От этого появляется ощущение довольства собой. И одновременно — легкая тревога. Какой станет его жизнь без Евы? Почему без нее возникает пустота? Разве он не смог бы жить один? Или, скажем, с кем-то еще?

Нет. Он не будет об этом думать. Надо думать про другие вещи. Быть здесь и сейчас.

От Сюсанны помощи ждать не приходится. Она сидит молча, обхватив обеими ладонями чашку с кофе, и смотрит вдаль. В конце концов Андерс сам, отодвинув тарелку, тянется за чашкой кофе и начинает беседу:

— А где все?

Она опять моргает и смотрит на него, немного удивленно, словно уже забыла, что он сидит тут, совсем рядом.

— На палубе. Готовятся спускать розетту, думаю.

Андерс замирает с чашкой в руке:

— Розетту?

Сюсанна чуть улыбается:

— Зонд для взятия проб воды. У них есть такая штука, ее погружают в море и берут пробы, когда мы стоим на месте. Называется «розетта».

Он морщится:

— Зачем это? Я думал, тут постоянно закачивают воду в лабораторию…

Она кивает:

— И это тоже. Но там другое. Они берут пробы с разных глубин.
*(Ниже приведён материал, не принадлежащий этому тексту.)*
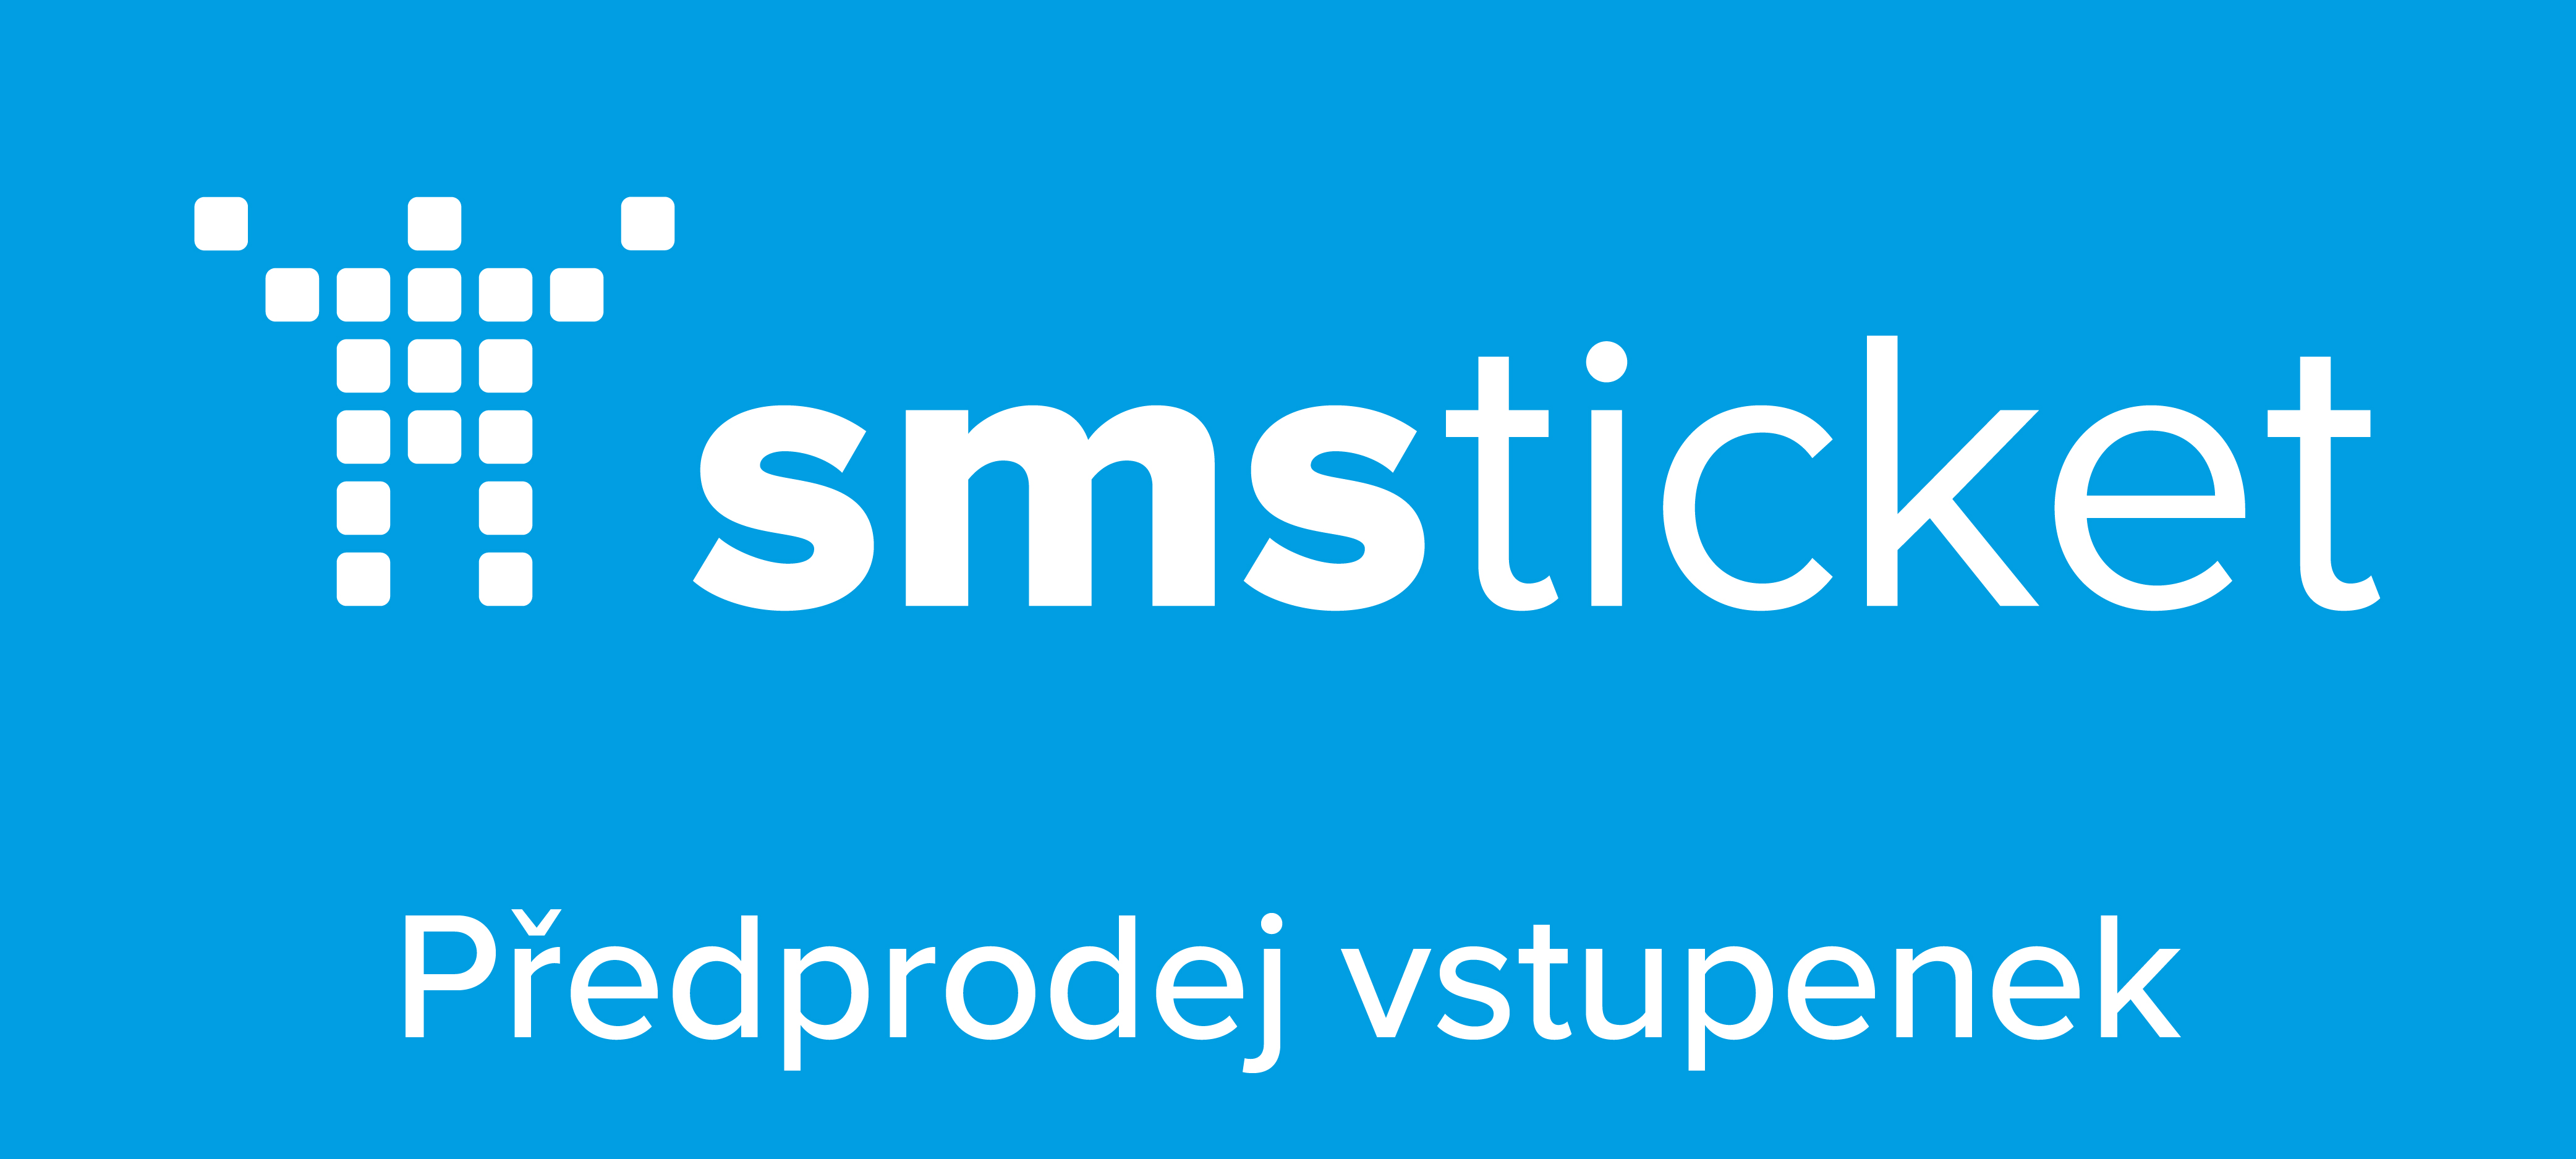 Smsticket-predprodej-vstupenek_bile-logo-modre-pozadi

Смотрят соленость, температуру и все такое. Я, правда, не очень в этом разбираюсь. Просто пересказываю, что слышала от Ульрики. Не уверена, что я все поняла.

Она отставляет чашку и отводит взгляд. Но Андерс не унимается.
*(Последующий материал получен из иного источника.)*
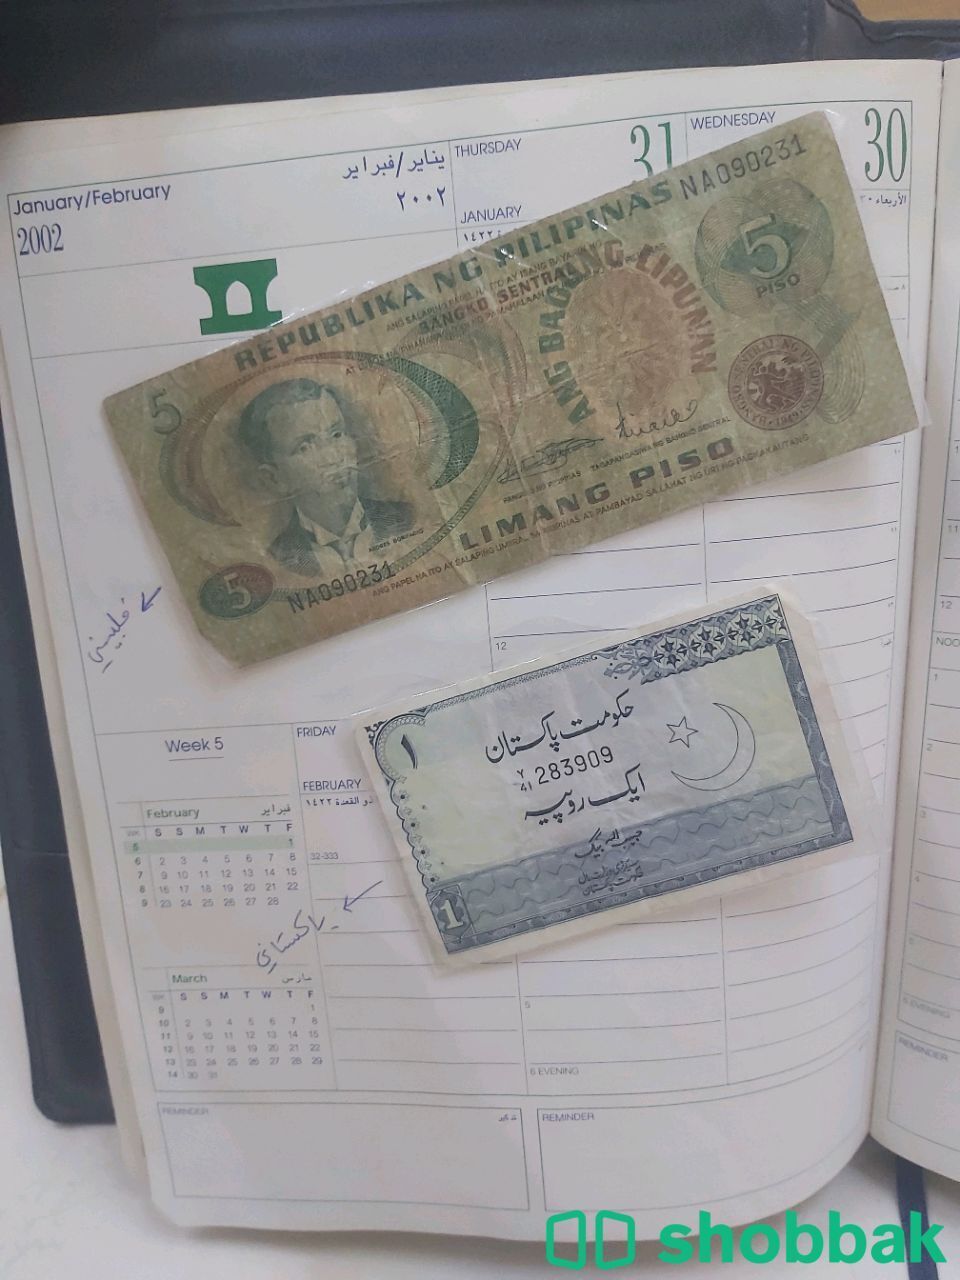 عملات قديمة للبيع اللي يقدر يساعدني و يشتريها مني Shobbak Saudi Arabia

— А почему называется «розетта»?

Она смотрит на него:

— Вот уж чего не знаю.

На миг наступает молчание, оба отводят глаза.

— Как ваш пациент? — спрашивает наконец Сюсанна.

Андерс пожимает плечами:

— Ничего нового. Проснулся потом, ему было здорово нехорошо.

— Похмелье.

Это не вопрос. Скорее констатация.

— Типа того. И еще боль, конечно. В кисти.

— Да. Это я понимаю.

— Хотя сейчас он ушел и лег в своей каюте.

— Ага.

Она, похоже, не особо заинтересовалась, и снова наступает молчание. Вдруг он вспоминает, что Сюсанна — сестра Бьёрна Хальгрена, и торопливо прикидывает, спросить ее об этом или нет. Она словно почувствовала это и решает не дожидаться вопроса. Встает, идет к кофейному столику, медленно наливает себе еще чашку и возвращается.

— Это было так здорово, — произносит она затем.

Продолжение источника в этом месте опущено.